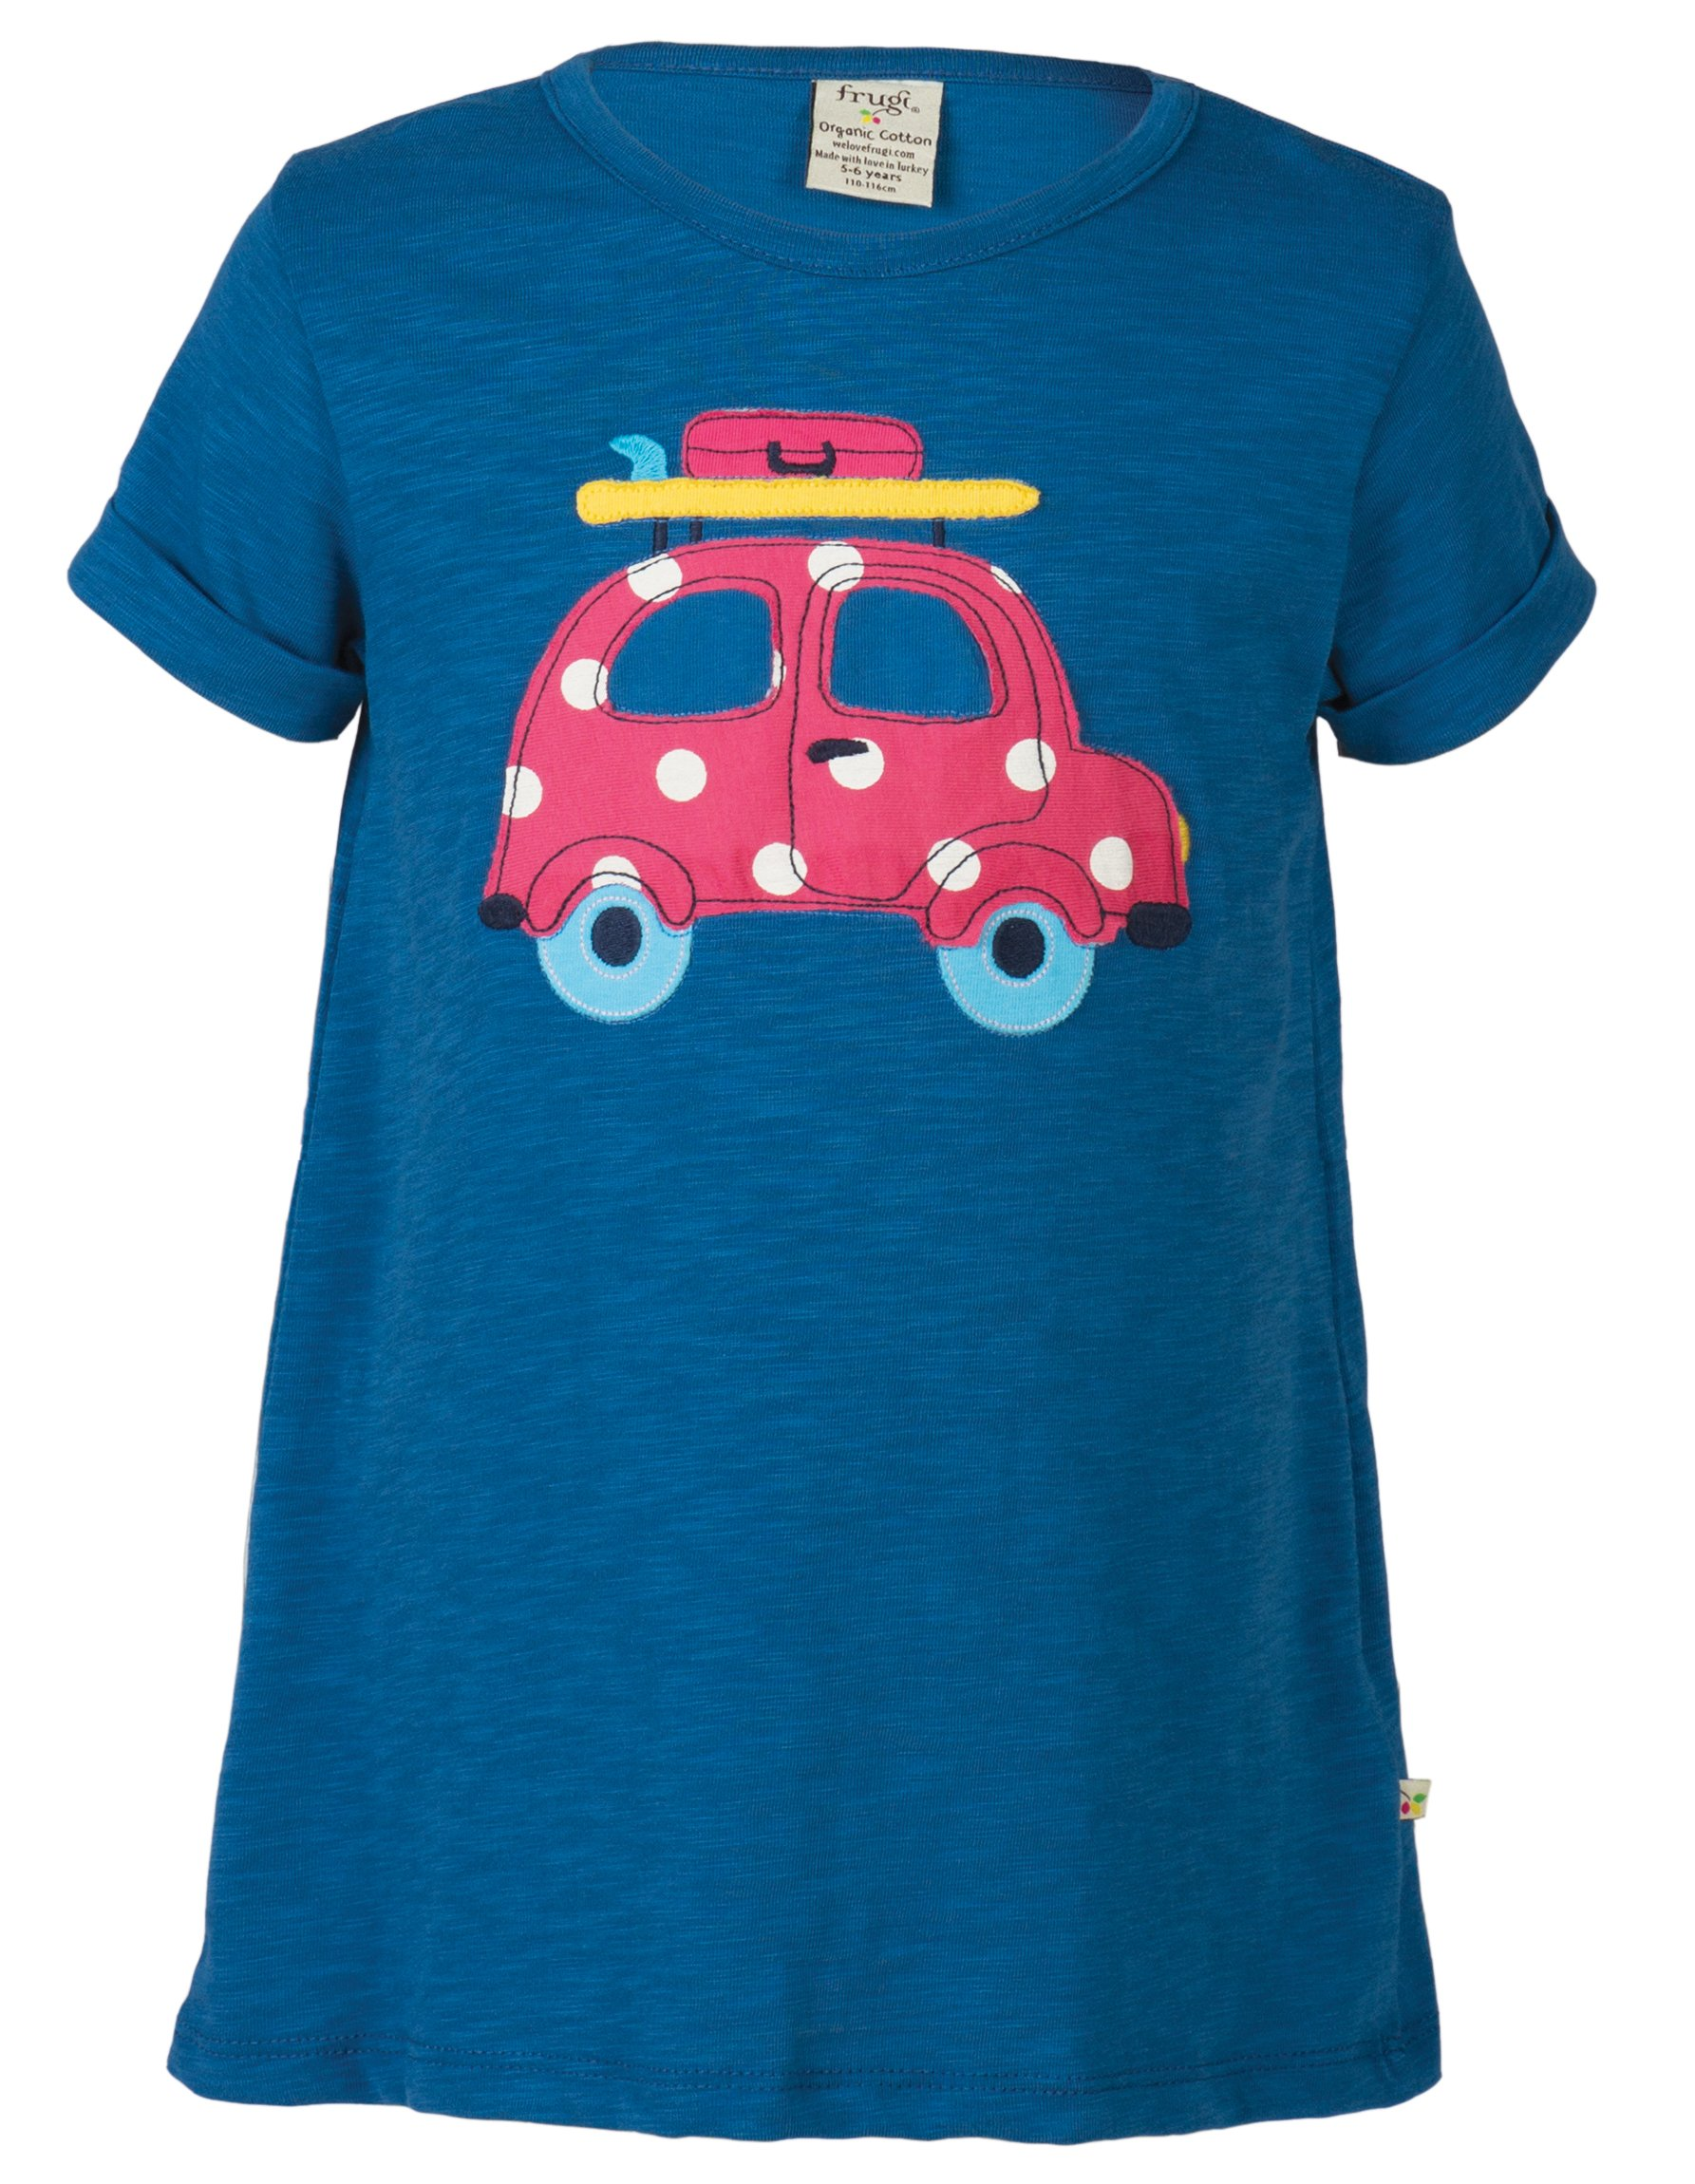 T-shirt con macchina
--
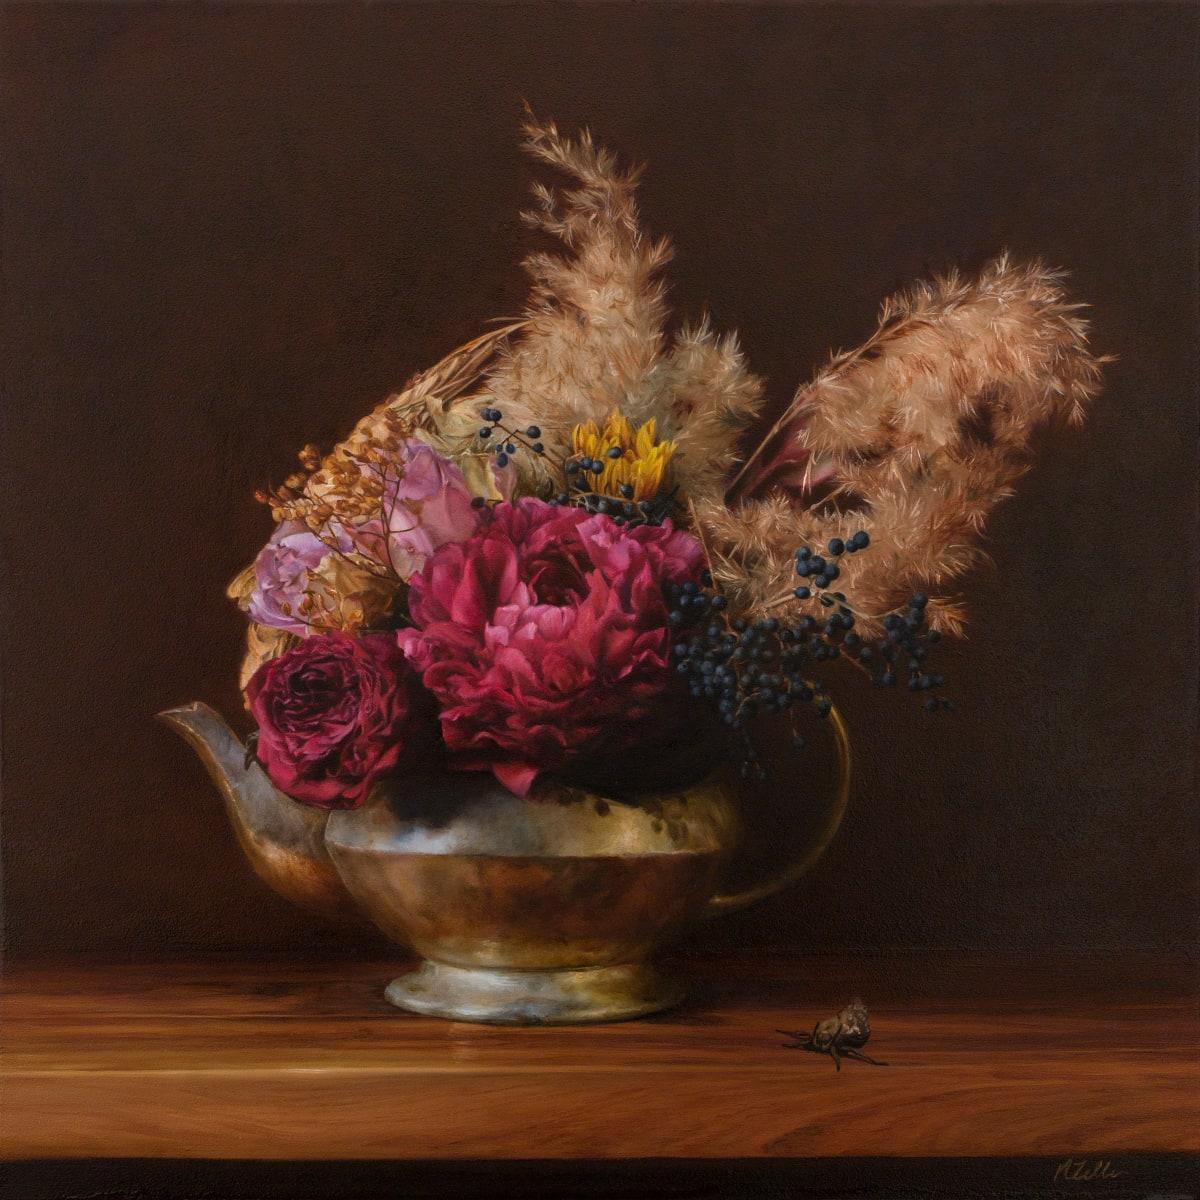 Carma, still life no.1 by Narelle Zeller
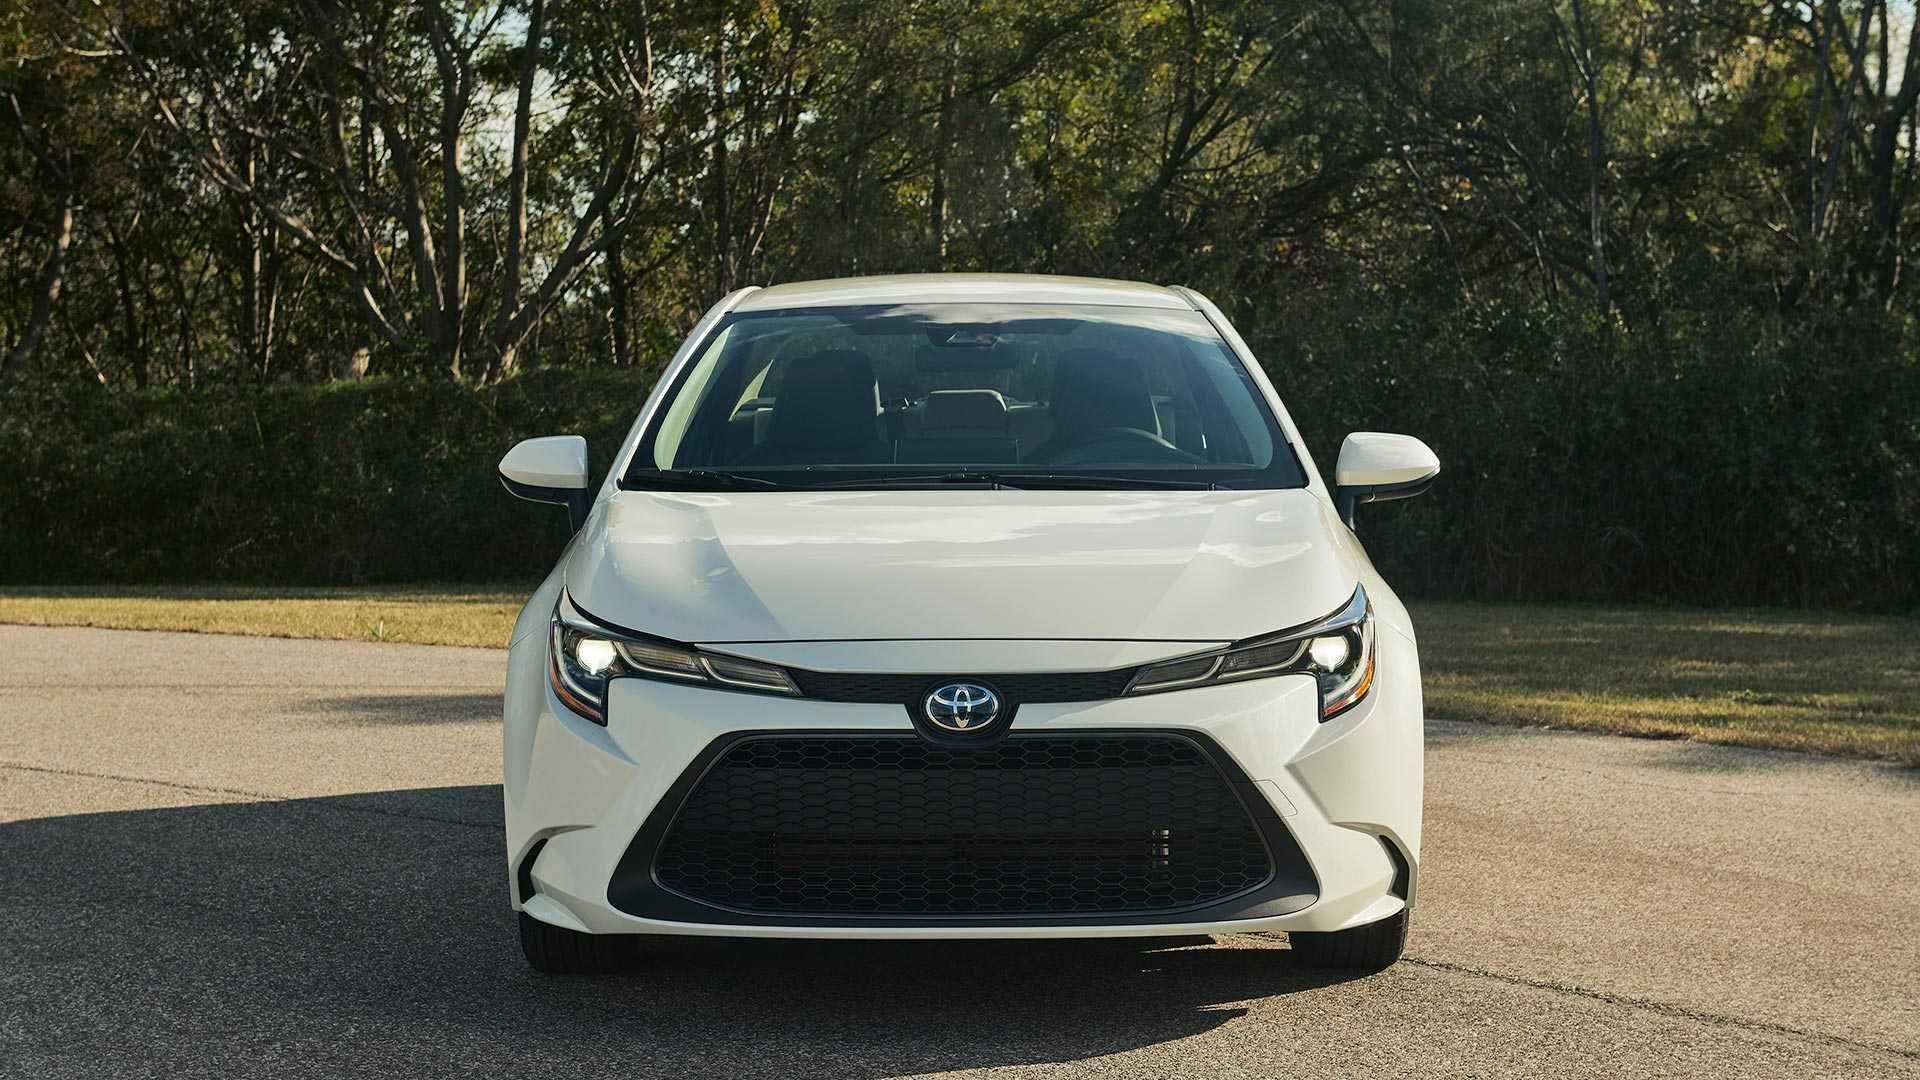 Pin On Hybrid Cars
==
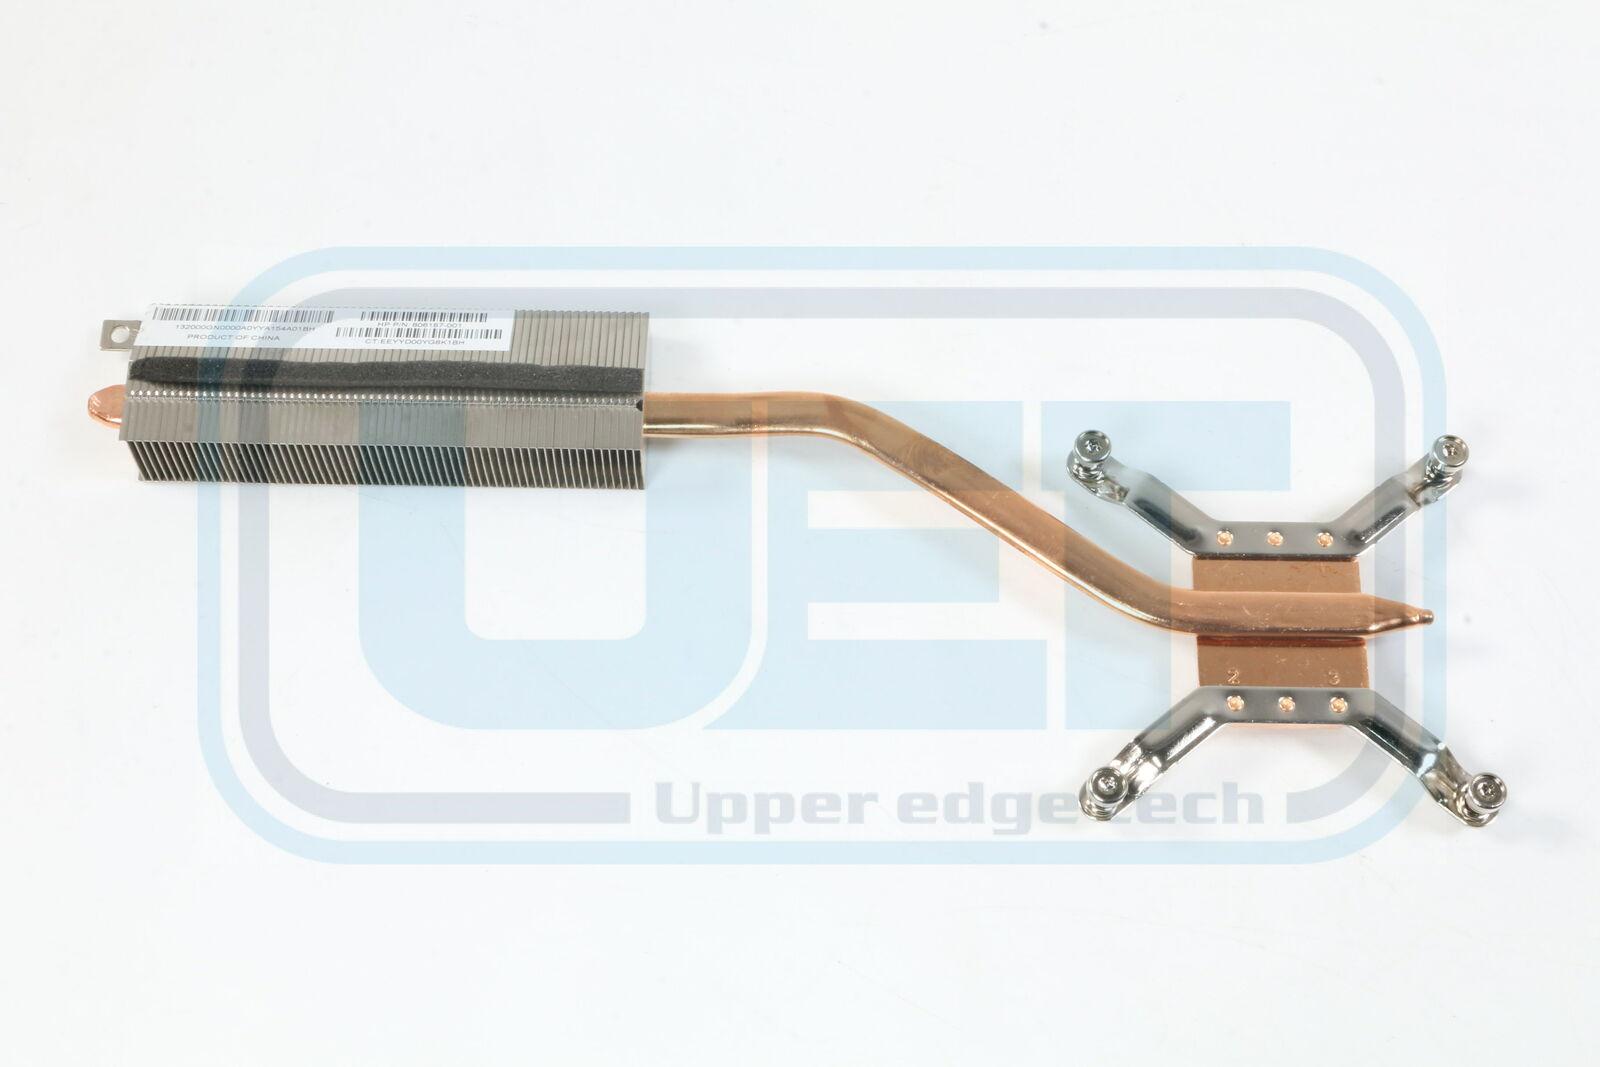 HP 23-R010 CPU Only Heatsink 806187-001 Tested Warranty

== WHAT IS EXPECTED ==
Print nothing except the lines above from the one containing "Carma, still life no.1 by Narelle Zeller" down to the one containing "Pin On Hybrid Cars", both included, exactly as written and free of pictures.

== WRITTEN ANSWER ==
 Carma, still life no.1 by Narelle Zeller
 Pin On Hybrid Cars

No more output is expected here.